Андреа опустила глаза, и Филипп, взяв ее руку, сказал:

– Андреа, барон прав. Никто более тебя не достоин войти в Версаль.

– Но в таком случае мне придется расстаться с тобой, – заметила Андреа.

– Вовсе нет, – возразил барон, – Версаль, моя дорогая, достаточно обширен.

– Но Трианон тесен, – отвечала Андреа, становившаяся упрямой и несговорчивой, когда ей противоречили.

– Трианон достаточно обширен, чтобы в нем нашлась комната для господина де Таверне. Такому человеку, как я, всегда отыщется место, – добавил он скромно, что следовало понимать: «Такой человек всегда сумеет найти себе место».

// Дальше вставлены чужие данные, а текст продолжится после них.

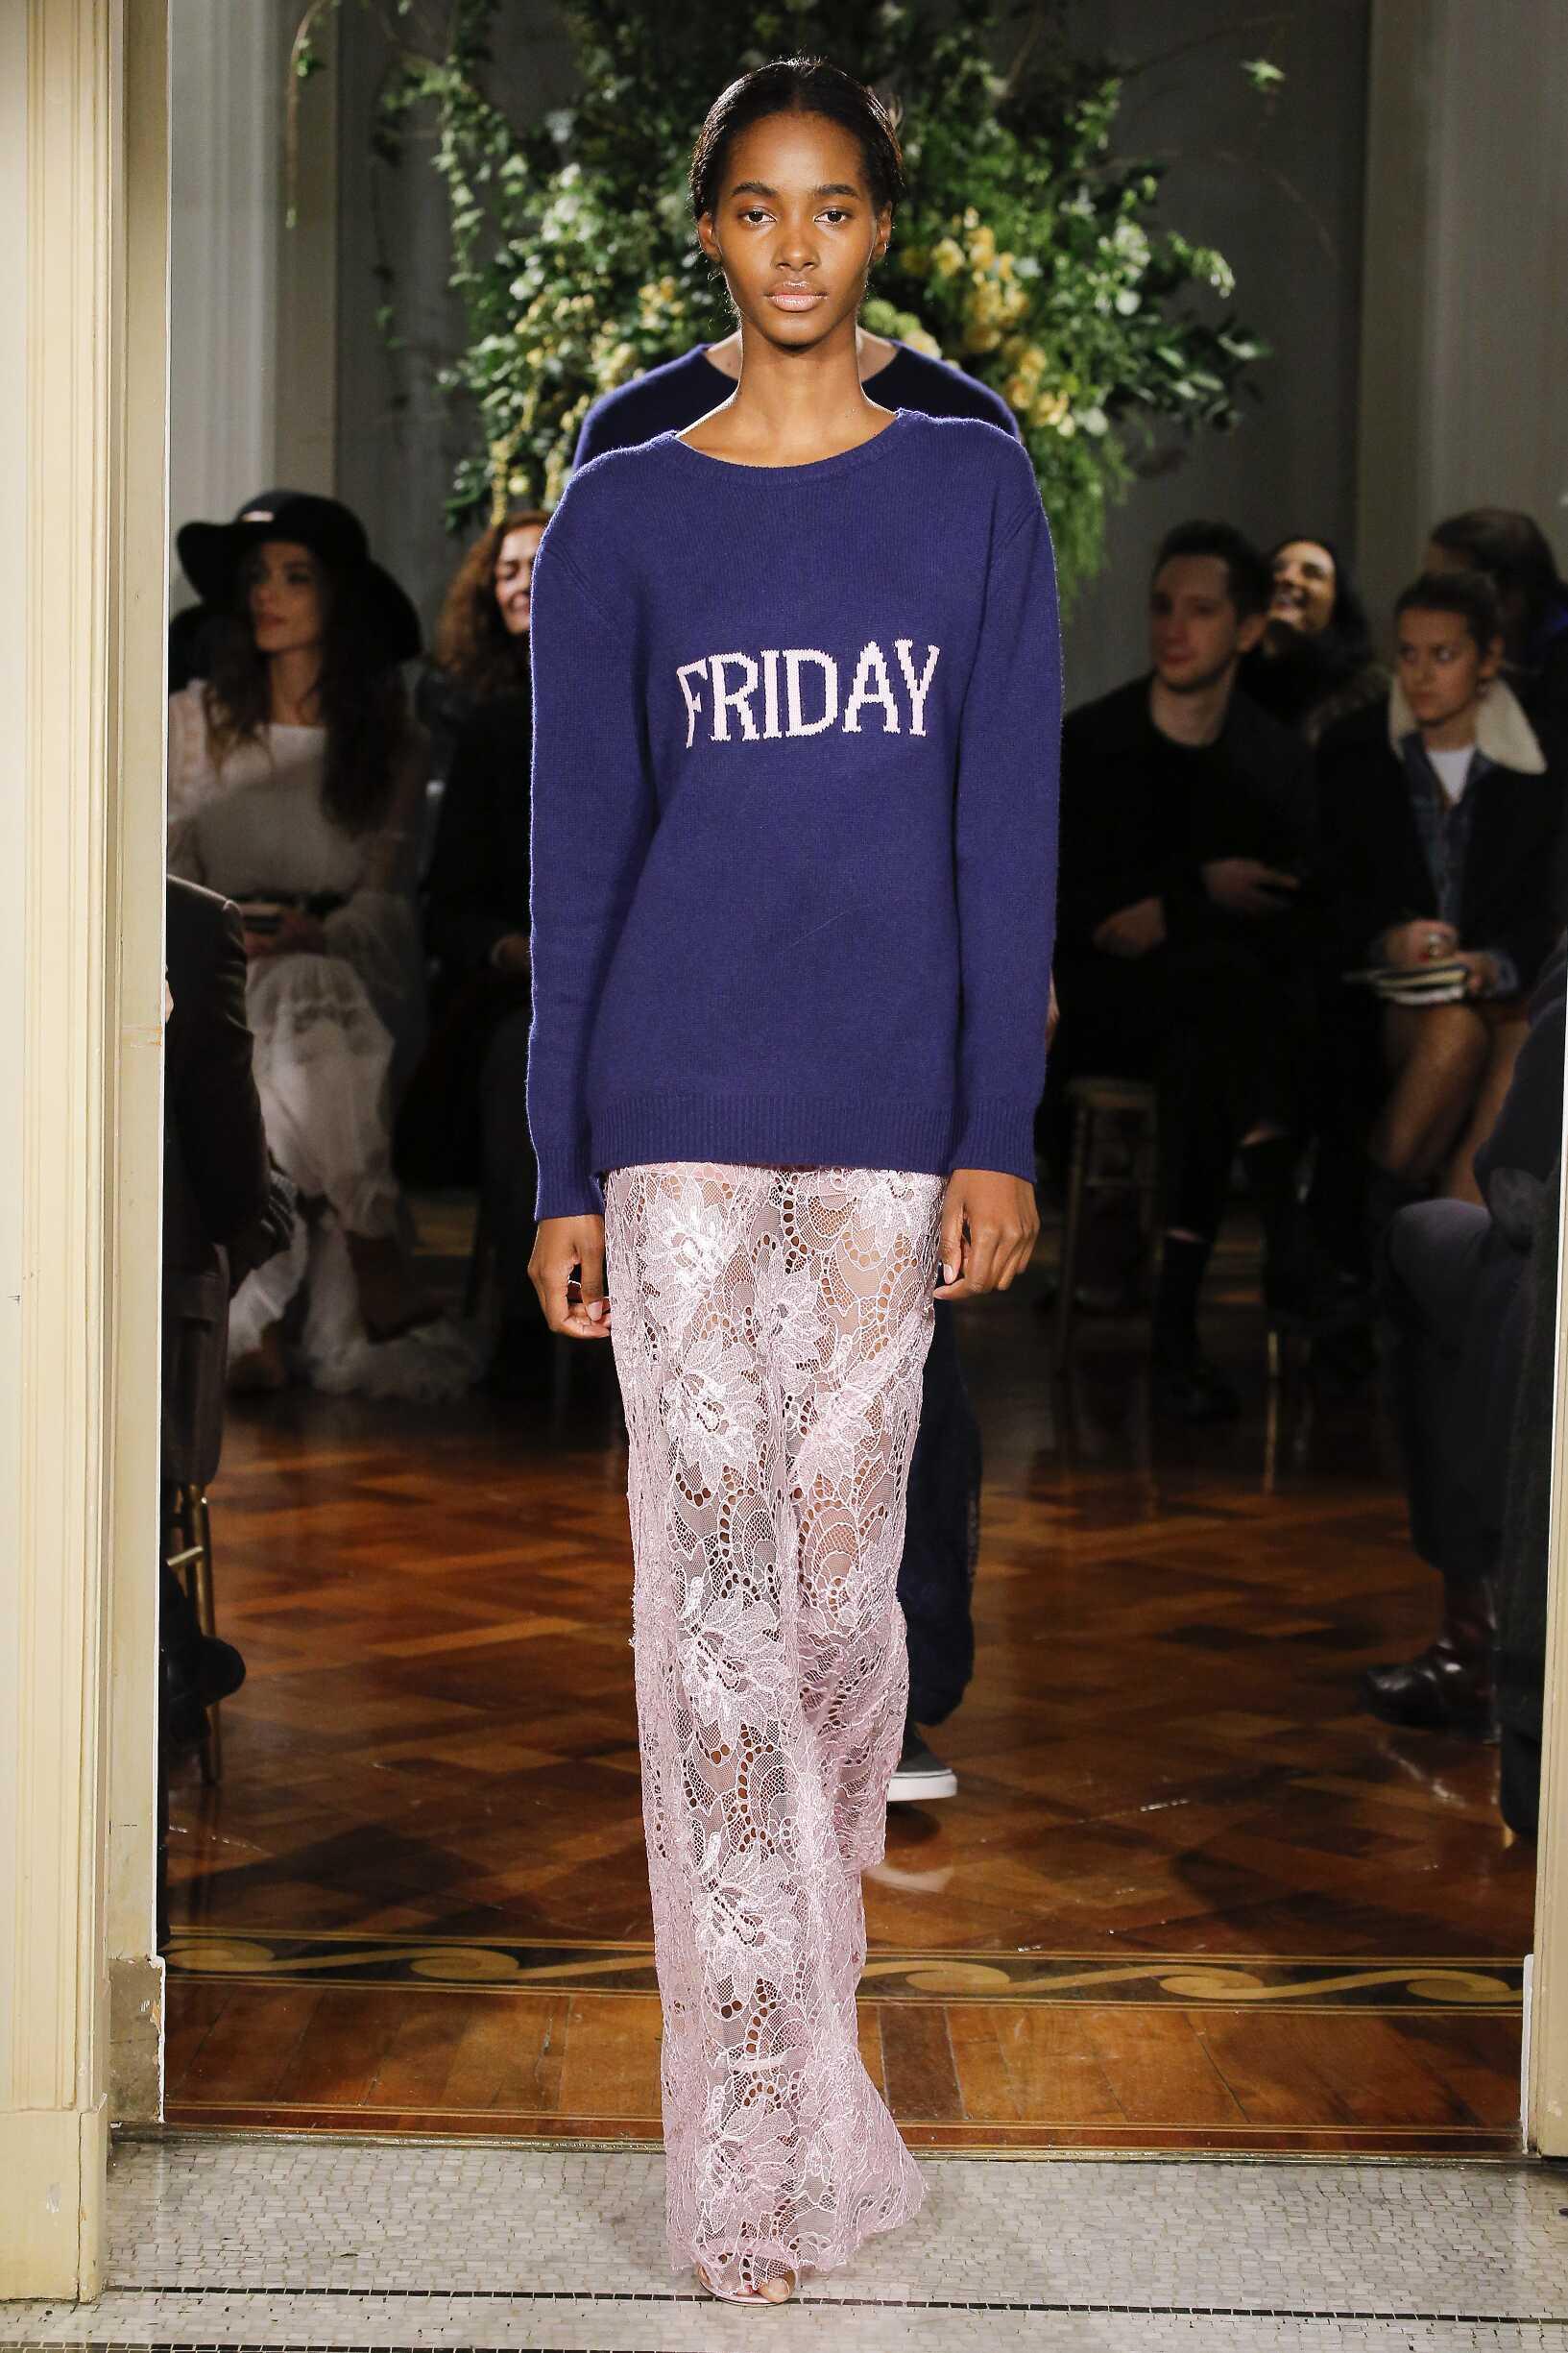 2017 Fashion Trends Alberta Ferretti Rainbow Collection

Андреа, не слишком убежденная заверениями отца, что он будет рядом с нею, повернулась к Филиппу.

– Не беспокойся, сестричка, – сказал Филипп, – ты не будешь принадлежать к тем, кого именуют придворными. Вместо того чтобы заплатить за тебя взнос в монастырь, дофина, пожелавшая тебя отличить, возьмет тебя к себе и даст какую-нибудь должность. Сейчас этикет не столь суров, как во времена Людовика Четырнадцатого, теперь иные должности объединяют, иные разделяют; ты сможешь служить дофине чтицей либо компаньонкой, она будет вместе с тобой рисовать и всегда держать рядом с собой; возможно, ты не будешь на виду, но тем не менее будешь пользоваться ее непосредственным покровительством, и потому тебе станут завидовать. Ты ведь этого боишься, да?

– Да.

– В добрый час, – вступил барон. – И не будем обращать внимания на ничтожную кучку завистников… Скорей выздоравливай, Андреа, и тогда я буду иметь удовольствие самолично проводить тебя в Трианон. Это приказ ее высочества дофины.

– Да, да, батюшка.

– Кстати, Филипп, – вдруг вспомнил барон, – вы при деньгах?

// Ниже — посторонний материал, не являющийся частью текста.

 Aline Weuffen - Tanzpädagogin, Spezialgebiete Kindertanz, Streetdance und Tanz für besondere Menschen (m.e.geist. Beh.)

– У меня их не так много, чтобы предложить вам, если у вас в них нужда, – отвечал молодой человек, – но если, напротив, вы хотите предложить их мне, то могу ответить, что мне хватает тех денег, что у меня есть.

– Да вы поистине философ, – усмехнулся барон. – А ты, Андреа, тоже философ и тоже ничего не попросишь? Может быть, тебе что-нибудь нужно?

– Я боюсь поставить вас в затруднительное положение, отец.

– Не бойся, мы ведь сейчас не в Таверне. Король велел вручить мне пятьсот луидоров… в счет будущего, как изволил выразиться его величество. Подумай о своих туалетах, Андреа.

– О, благодарю вас, батюшка! – радостно воскликнула девушка.

– Вечные крайности, – улыбнулся барон. – Только что ей ничего не было нужно, а сейчас она готова разорить китайского императора. Ну да не важно. Тебе пойдут красивые платья.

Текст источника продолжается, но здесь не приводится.